◆ Exercise data:
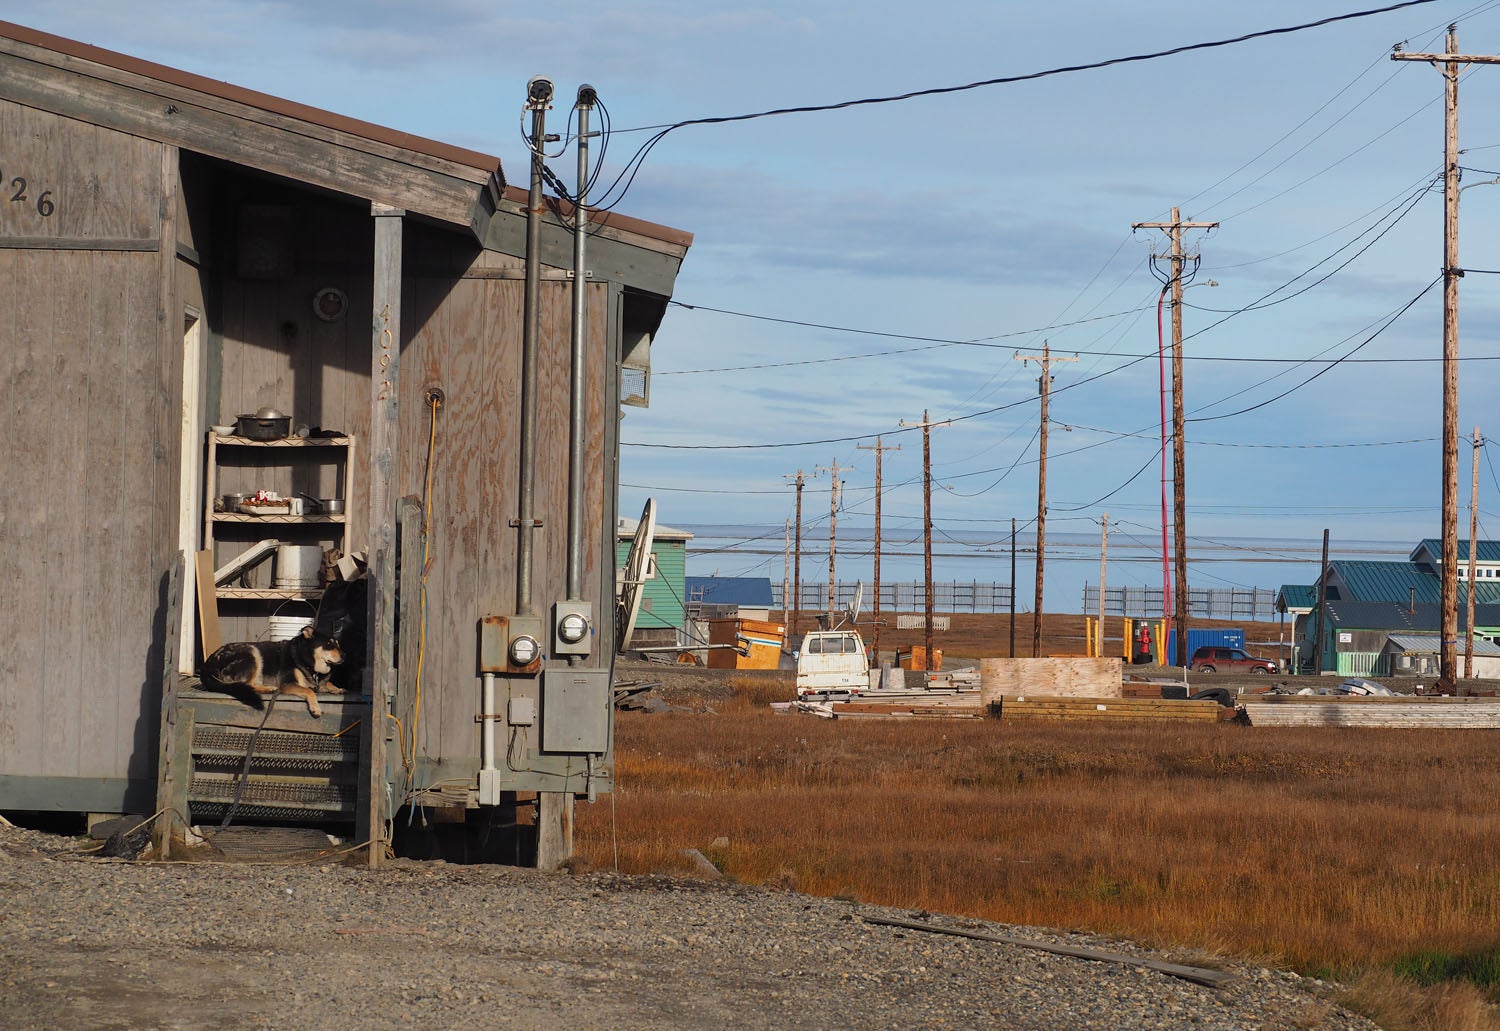 The Inupiat-Eskimo village of Kaktovik is struggling to manage an increase of polar bears coming to town
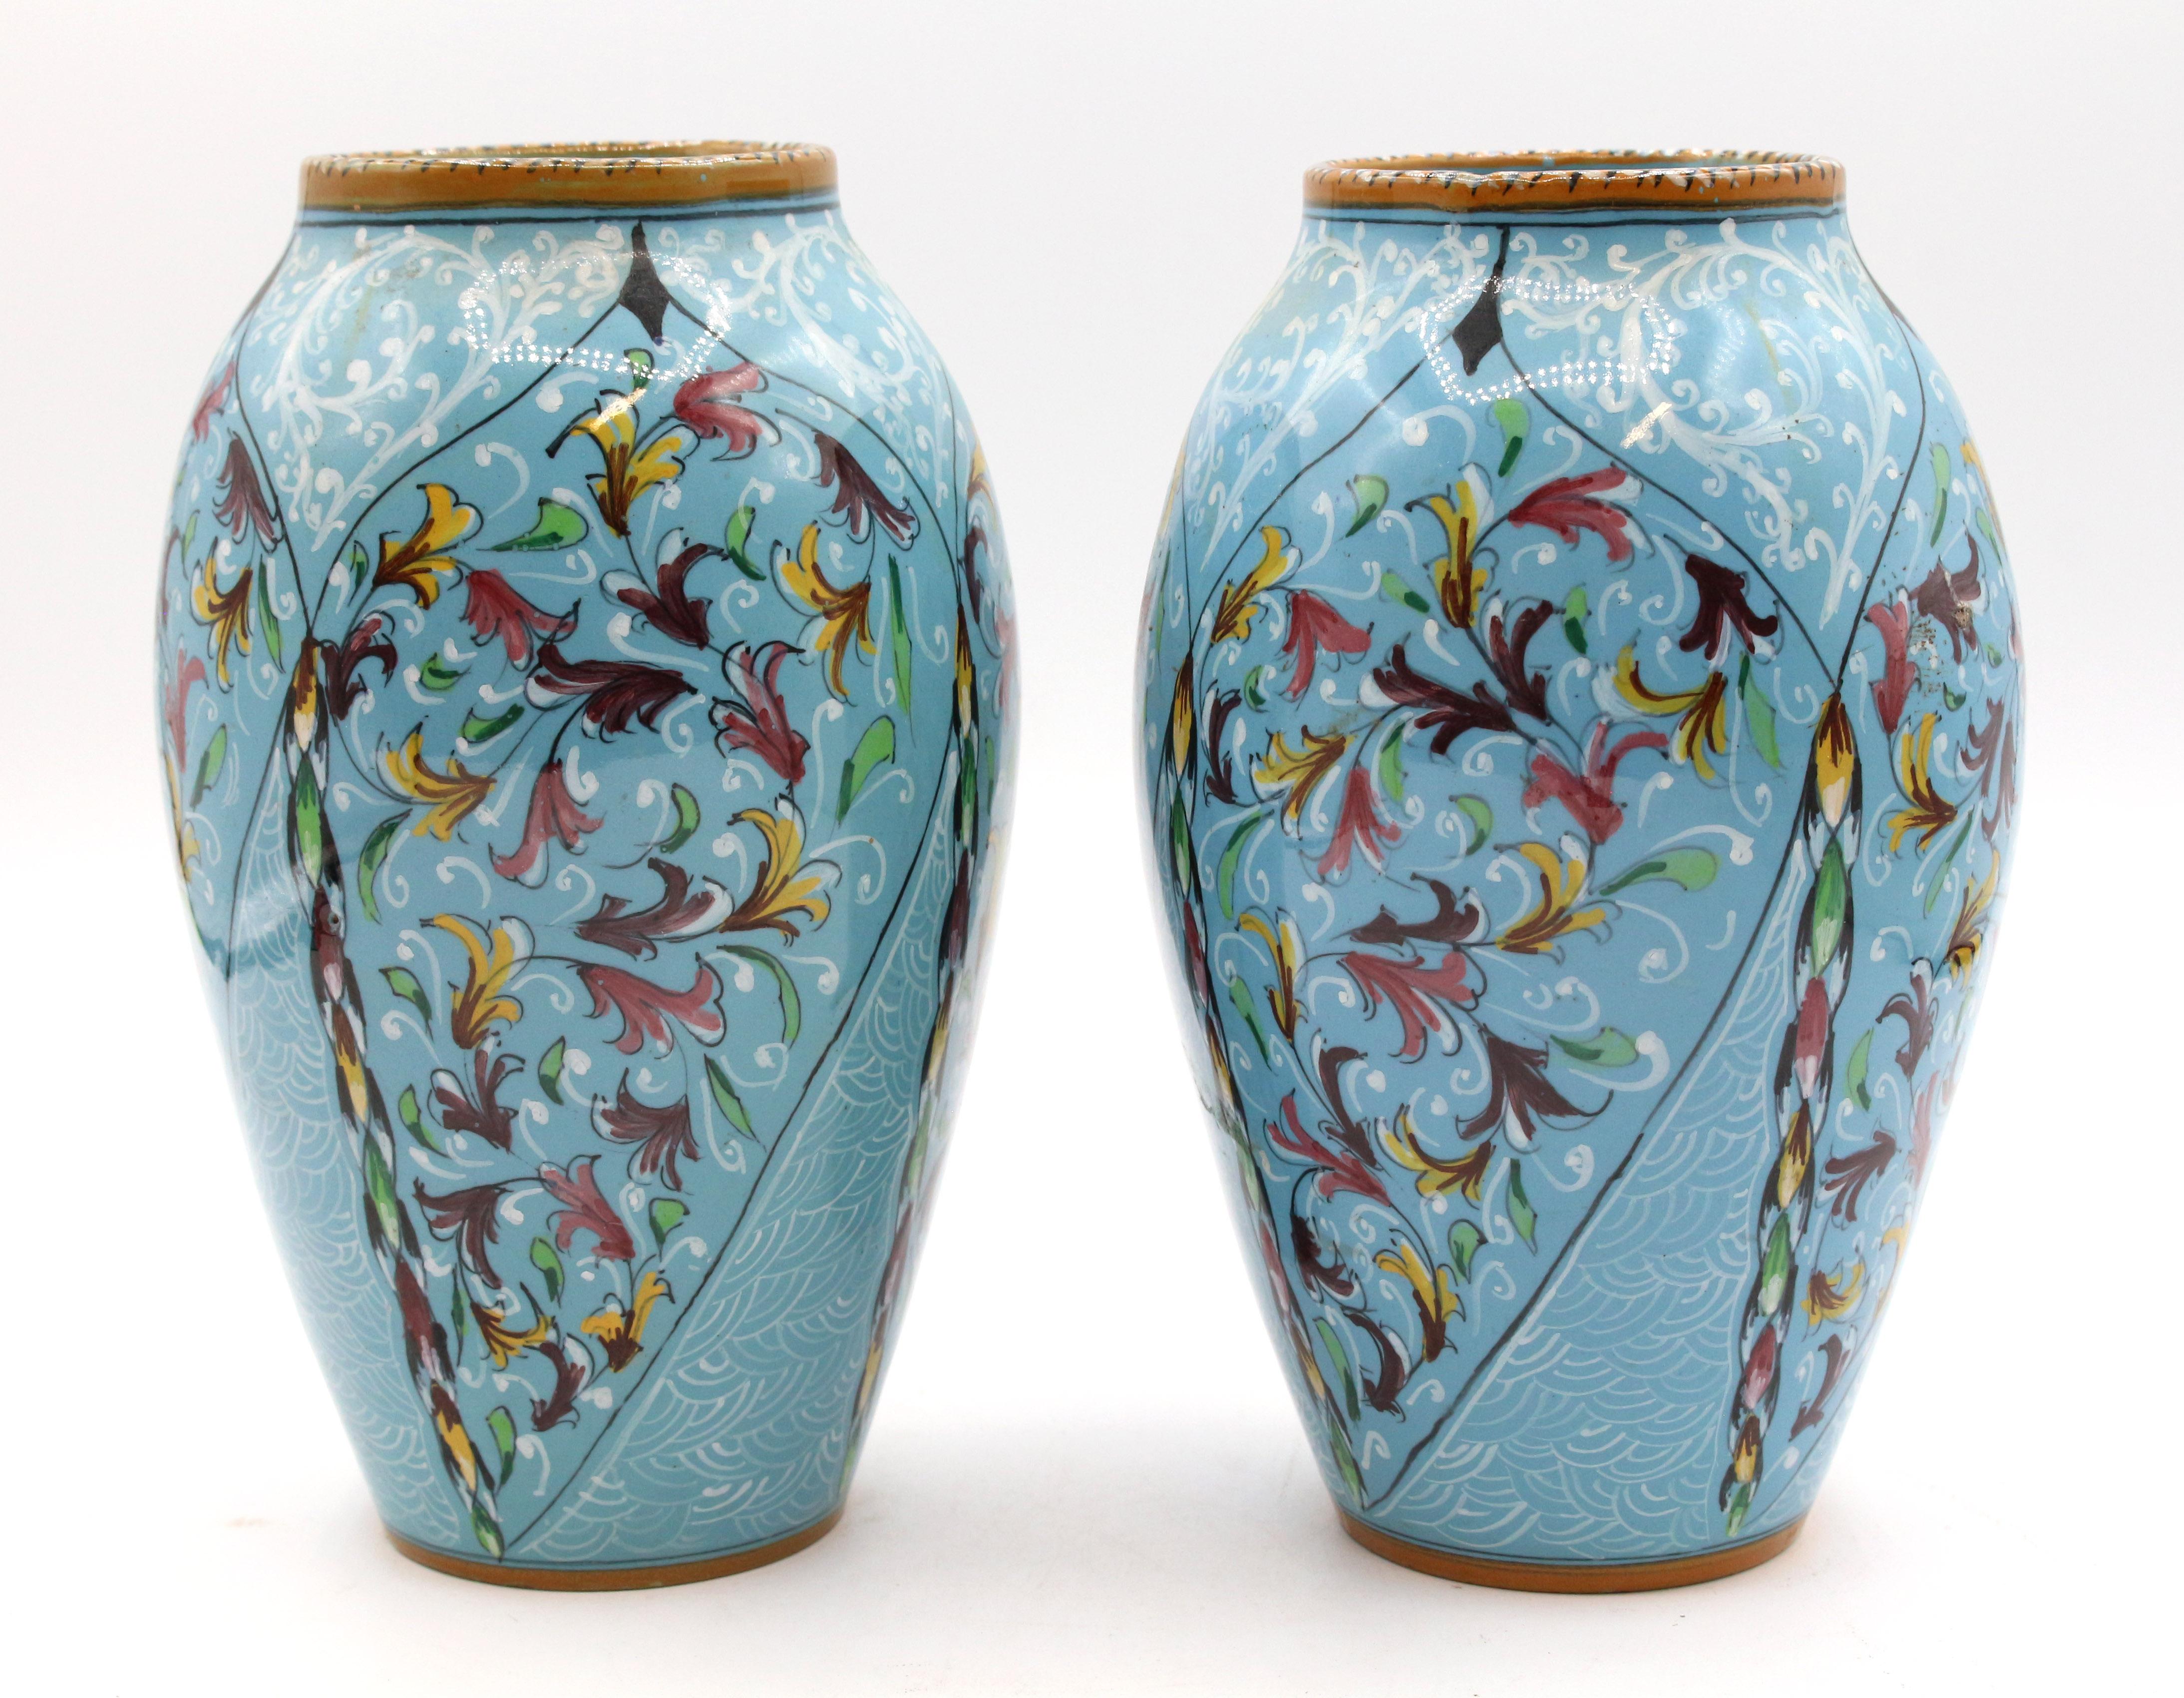 1900-1920s pair of majolica vases by Mengaroni, Pesaro, Italy. Decorated in the Renaissance manner with white tracery & multicolored florets on light blue ground with mustard borders. Ferruccio Mengaroni was crushed to death by his massive majolica
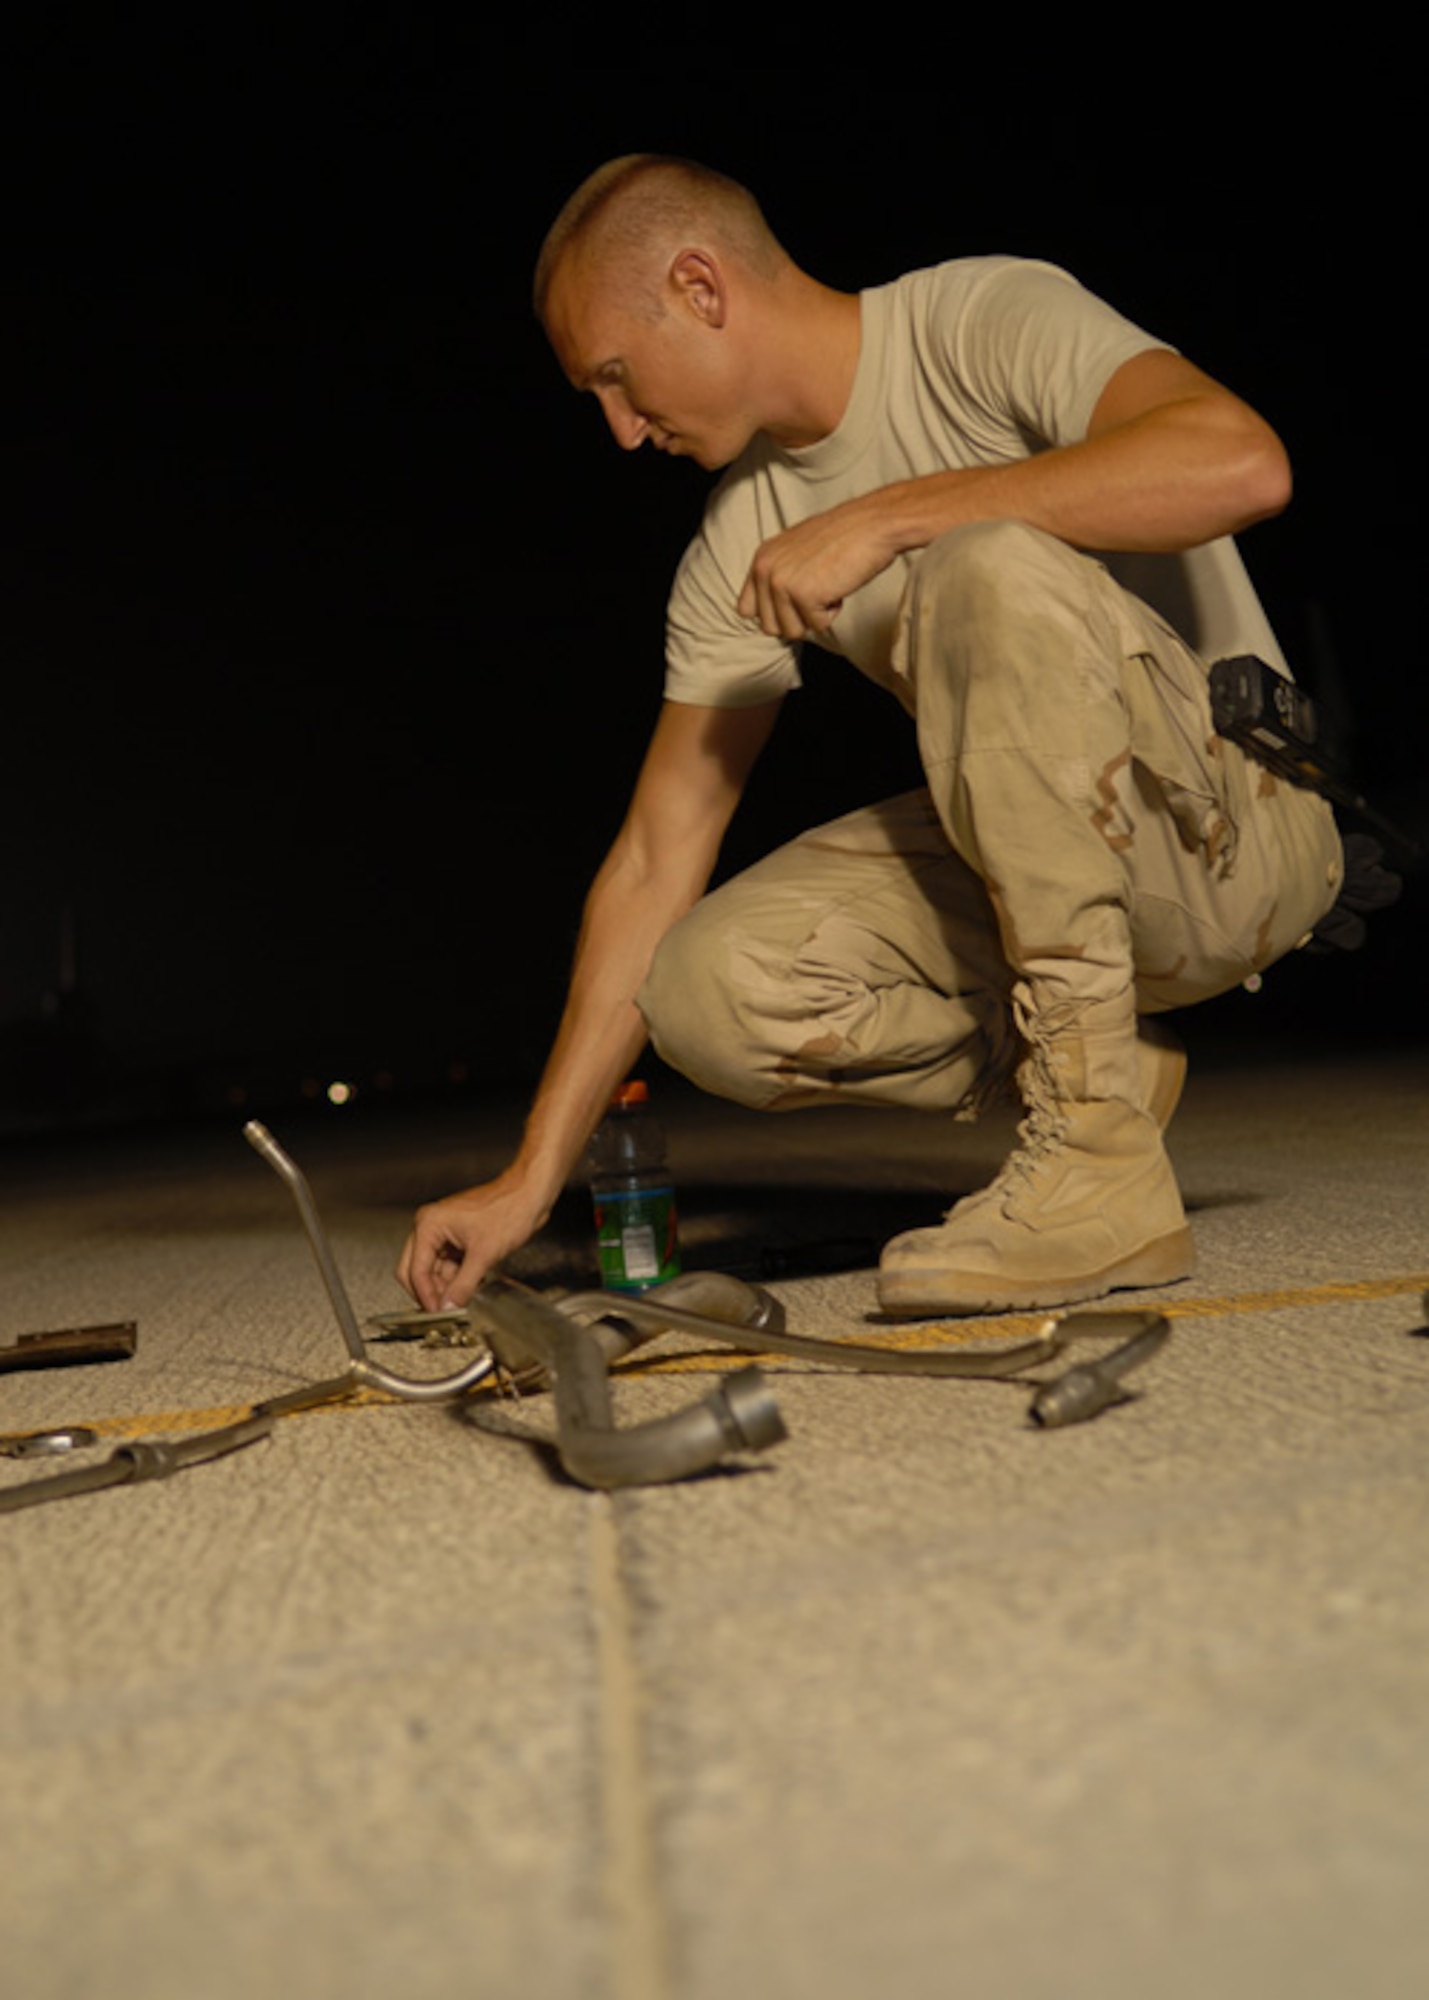 SOUTHWEST ASIA -- The 380th Expeditionary Maintenance Squadron's Staff Sgt. Ryan Pierce, an aero repair specialist, ensures all parts are accounted for after removing a hydraulic package from an E-3 Sentry's engine Sunday. The parts will be inventoried and stored for future use. Accounting for all the parts is a prevention measure toward mitigating foreign object damage to aircraft. (U.S. Air Force Photo/Tech. Sgt. Denise Johnson)(released)

◆ Work item: All lines from the one holding "1900-1920s pair of" through the last line of the material above should be set down exactly, and the pictures should be left out.

◆ Your solution:
 1900-1920s pair of majolica vases by Mengaroni, Pesaro, Italy. Decorated in the Renaissance manner with white tracery & multicolored florets on light blue ground with mustard borders. Ferruccio Mengaroni was crushed to death by his massive majolica
 SOUTHWEST ASIA -- The 380th Expeditionary Maintenance Squadron's Staff Sgt. Ryan Pierce, an aero repair specialist, ensures all parts are accounted for after removing a hydraulic package from an E-3 Sentry's engine Sunday. The parts will be inventoried and stored for future use. Accounting for all the parts is a prevention measure toward mitigating foreign object damage to aircraft. (U.S. Air Force Photo/Tech. Sgt. Denise Johnson)(released)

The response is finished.